Start of Block

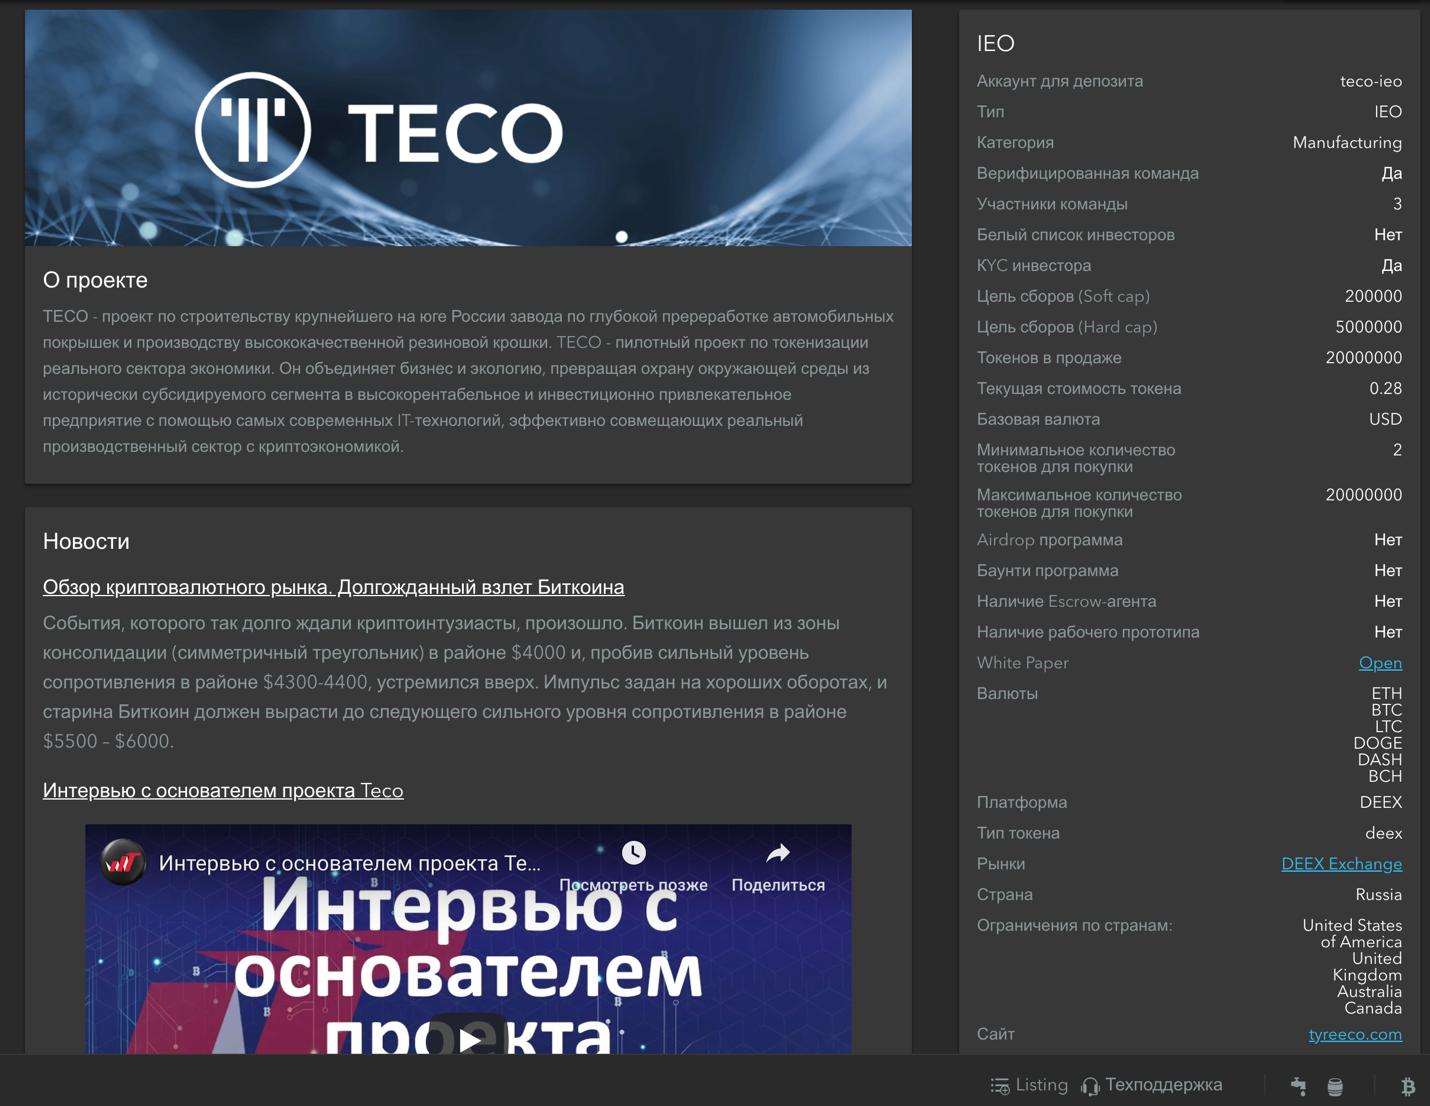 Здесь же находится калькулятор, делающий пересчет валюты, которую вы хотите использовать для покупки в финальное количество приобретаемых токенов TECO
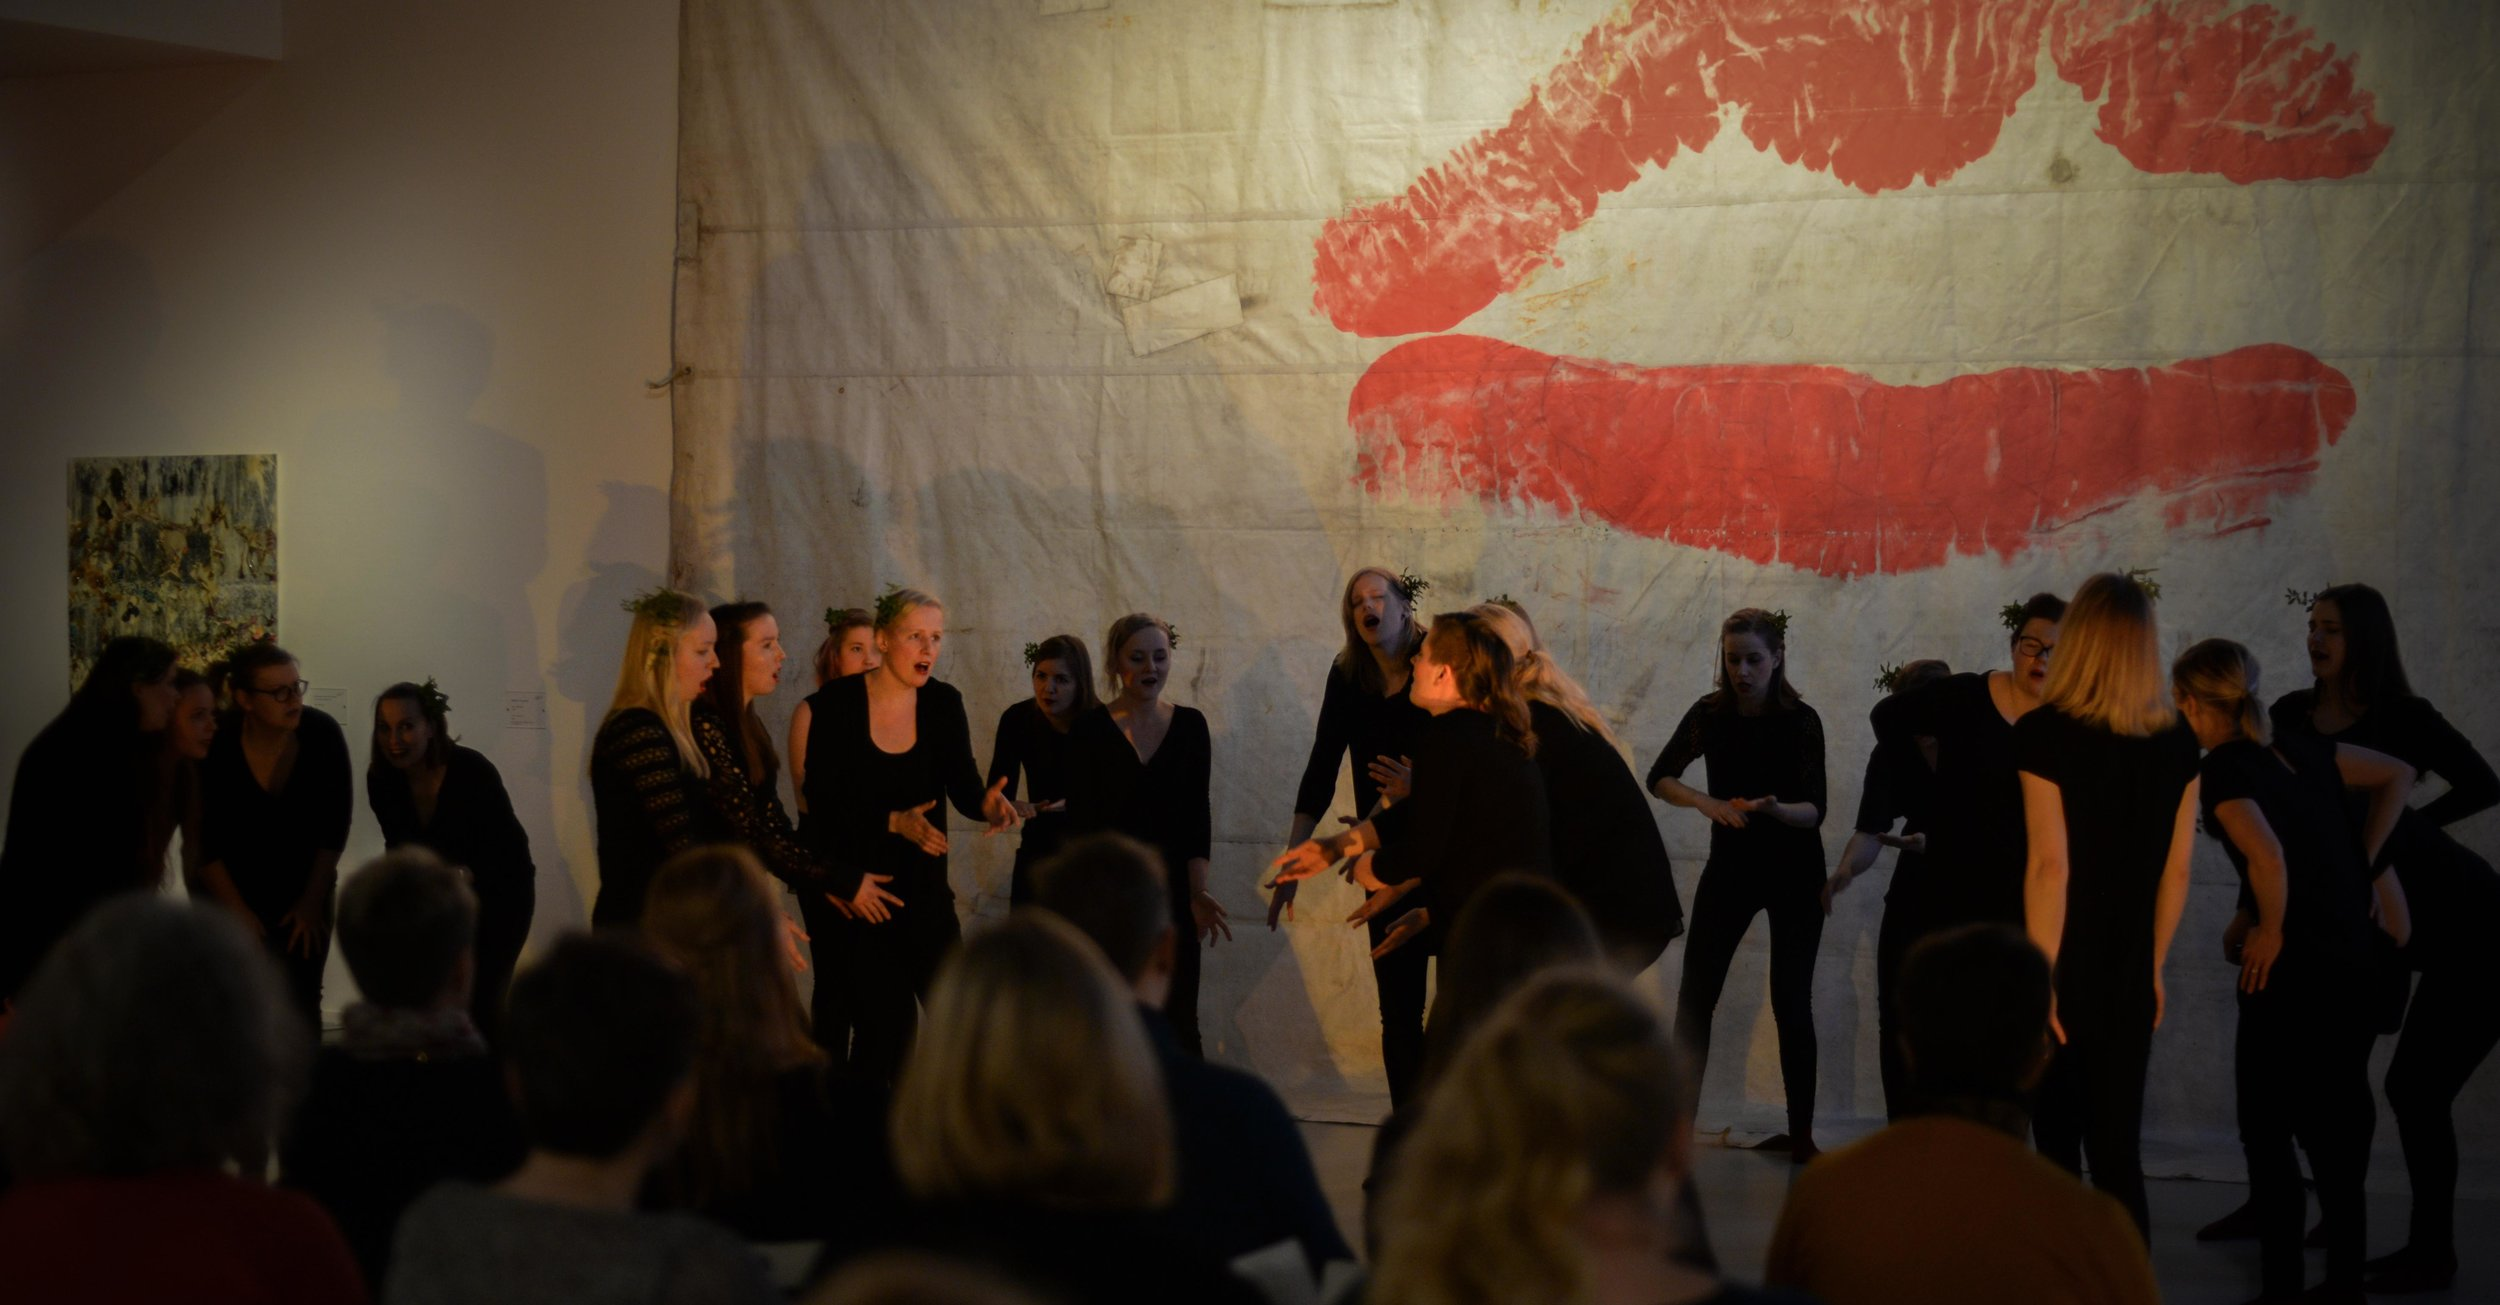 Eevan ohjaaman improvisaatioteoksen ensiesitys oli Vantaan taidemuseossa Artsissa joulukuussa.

End of Block
Start of Block

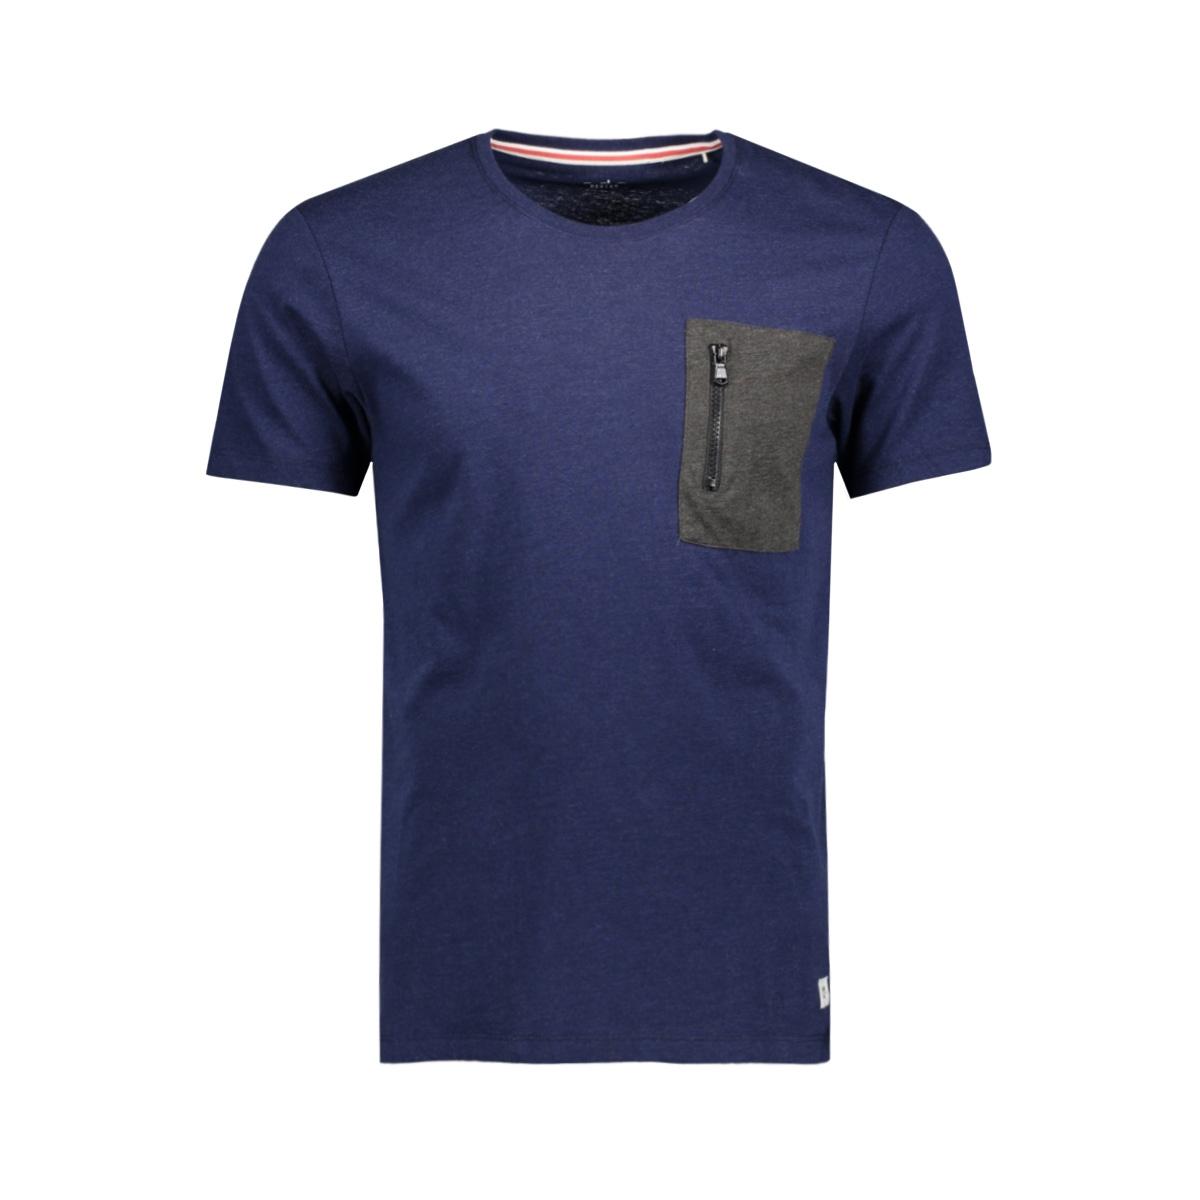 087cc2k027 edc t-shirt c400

End of Block
Start of Block

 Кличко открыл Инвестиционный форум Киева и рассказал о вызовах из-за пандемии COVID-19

End of Block

Exercise details: Within the listing above, find the line containing "Здесь же находится" and the line containing "Eevan ohjaaman improvisaatioteoksen". Transcribe them and everything between them exactly, leaving out the pictures.

Task response:
 Здесь же находится калькулятор, делающий пересчет валюты, которую вы хотите использовать для покупки в финальное количество приобретаемых токенов TECO
 Eevan ohjaaman improvisaatioteoksen ensiesitys oli Vantaan taidemuseossa Artsissa joulukuussa.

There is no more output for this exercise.